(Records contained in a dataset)
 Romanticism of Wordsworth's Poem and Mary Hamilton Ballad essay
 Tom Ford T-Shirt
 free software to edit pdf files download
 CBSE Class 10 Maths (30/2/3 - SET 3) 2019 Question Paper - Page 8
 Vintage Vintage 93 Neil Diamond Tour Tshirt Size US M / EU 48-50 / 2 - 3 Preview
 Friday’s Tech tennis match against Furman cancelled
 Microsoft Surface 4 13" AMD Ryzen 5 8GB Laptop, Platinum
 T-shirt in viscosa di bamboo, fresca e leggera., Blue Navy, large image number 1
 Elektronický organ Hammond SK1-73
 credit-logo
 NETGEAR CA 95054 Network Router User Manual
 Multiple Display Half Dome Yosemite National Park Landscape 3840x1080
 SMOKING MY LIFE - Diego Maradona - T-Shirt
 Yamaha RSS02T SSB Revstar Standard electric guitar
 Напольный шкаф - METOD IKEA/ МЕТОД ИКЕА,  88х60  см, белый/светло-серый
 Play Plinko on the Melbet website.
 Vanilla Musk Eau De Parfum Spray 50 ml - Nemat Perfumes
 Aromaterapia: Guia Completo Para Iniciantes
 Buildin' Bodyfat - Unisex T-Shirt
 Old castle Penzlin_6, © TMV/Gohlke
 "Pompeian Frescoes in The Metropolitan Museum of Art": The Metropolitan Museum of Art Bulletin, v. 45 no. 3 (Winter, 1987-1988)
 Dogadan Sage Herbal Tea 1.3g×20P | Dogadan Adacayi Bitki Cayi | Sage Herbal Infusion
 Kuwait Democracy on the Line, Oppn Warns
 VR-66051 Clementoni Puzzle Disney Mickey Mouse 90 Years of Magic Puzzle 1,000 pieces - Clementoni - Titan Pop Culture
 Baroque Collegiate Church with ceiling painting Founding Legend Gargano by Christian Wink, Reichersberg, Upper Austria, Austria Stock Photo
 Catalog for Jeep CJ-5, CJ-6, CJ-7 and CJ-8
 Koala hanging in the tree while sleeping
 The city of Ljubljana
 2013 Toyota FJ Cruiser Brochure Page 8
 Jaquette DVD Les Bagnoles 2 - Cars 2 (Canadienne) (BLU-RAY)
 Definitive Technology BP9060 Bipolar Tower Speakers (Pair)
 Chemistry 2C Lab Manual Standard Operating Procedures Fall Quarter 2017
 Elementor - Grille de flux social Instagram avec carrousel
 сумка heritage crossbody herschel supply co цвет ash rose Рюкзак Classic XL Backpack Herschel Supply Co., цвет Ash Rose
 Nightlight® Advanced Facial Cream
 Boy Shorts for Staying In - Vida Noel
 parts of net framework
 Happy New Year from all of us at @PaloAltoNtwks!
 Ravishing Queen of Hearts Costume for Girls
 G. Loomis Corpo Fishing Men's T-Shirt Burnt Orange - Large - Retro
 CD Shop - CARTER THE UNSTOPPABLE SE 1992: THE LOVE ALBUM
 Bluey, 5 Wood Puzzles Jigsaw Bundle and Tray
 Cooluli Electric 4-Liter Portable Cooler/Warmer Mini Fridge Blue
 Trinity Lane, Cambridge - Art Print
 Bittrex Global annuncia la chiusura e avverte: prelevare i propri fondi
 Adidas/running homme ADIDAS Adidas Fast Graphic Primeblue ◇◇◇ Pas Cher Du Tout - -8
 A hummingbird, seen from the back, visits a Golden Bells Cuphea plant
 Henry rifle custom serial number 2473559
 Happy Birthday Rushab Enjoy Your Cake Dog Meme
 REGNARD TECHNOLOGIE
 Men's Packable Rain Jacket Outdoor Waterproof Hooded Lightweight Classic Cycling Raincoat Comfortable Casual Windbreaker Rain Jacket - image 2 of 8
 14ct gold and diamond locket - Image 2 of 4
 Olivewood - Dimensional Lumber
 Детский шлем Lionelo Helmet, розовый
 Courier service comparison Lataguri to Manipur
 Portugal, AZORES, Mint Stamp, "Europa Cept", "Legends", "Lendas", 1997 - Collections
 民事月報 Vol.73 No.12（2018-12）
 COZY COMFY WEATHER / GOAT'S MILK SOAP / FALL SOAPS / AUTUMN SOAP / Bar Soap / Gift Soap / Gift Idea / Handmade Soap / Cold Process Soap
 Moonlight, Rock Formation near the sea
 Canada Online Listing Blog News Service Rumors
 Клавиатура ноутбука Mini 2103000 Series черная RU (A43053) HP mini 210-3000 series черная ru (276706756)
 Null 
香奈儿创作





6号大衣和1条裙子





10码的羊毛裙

[DIRECTIONS]: Above are the records. Print exactly, and only, the lines from the line with "Catalog for Jeep CJ-5, CJ-6, CJ-7 and CJ-8" to the line with "Happy New Year", both inclusive.

[SOLUTION FOR THIS TASK]:
 Catalog for Jeep CJ-5, CJ-6, CJ-7 and CJ-8
 Koala hanging in the tree while sleeping
 The city of Ljubljana
 2013 Toyota FJ Cruiser Brochure Page 8
 Jaquette DVD Les Bagnoles 2 - Cars 2 (Canadienne) (BLU-RAY)
 Definitive Technology BP9060 Bipolar Tower Speakers (Pair)
 Chemistry 2C Lab Manual Standard Operating Procedures Fall Quarter 2017
 Elementor - Grille de flux social Instagram avec carrousel
 сумка heritage crossbody herschel supply co цвет ash rose Рюкзак Classic XL Backpack Herschel Supply Co., цвет Ash Rose
 Nightlight® Advanced Facial Cream
 Boy Shorts for Staying In - Vida Noel
 parts of net framework
 Happy New Year from all of us at @PaloAltoNtwks!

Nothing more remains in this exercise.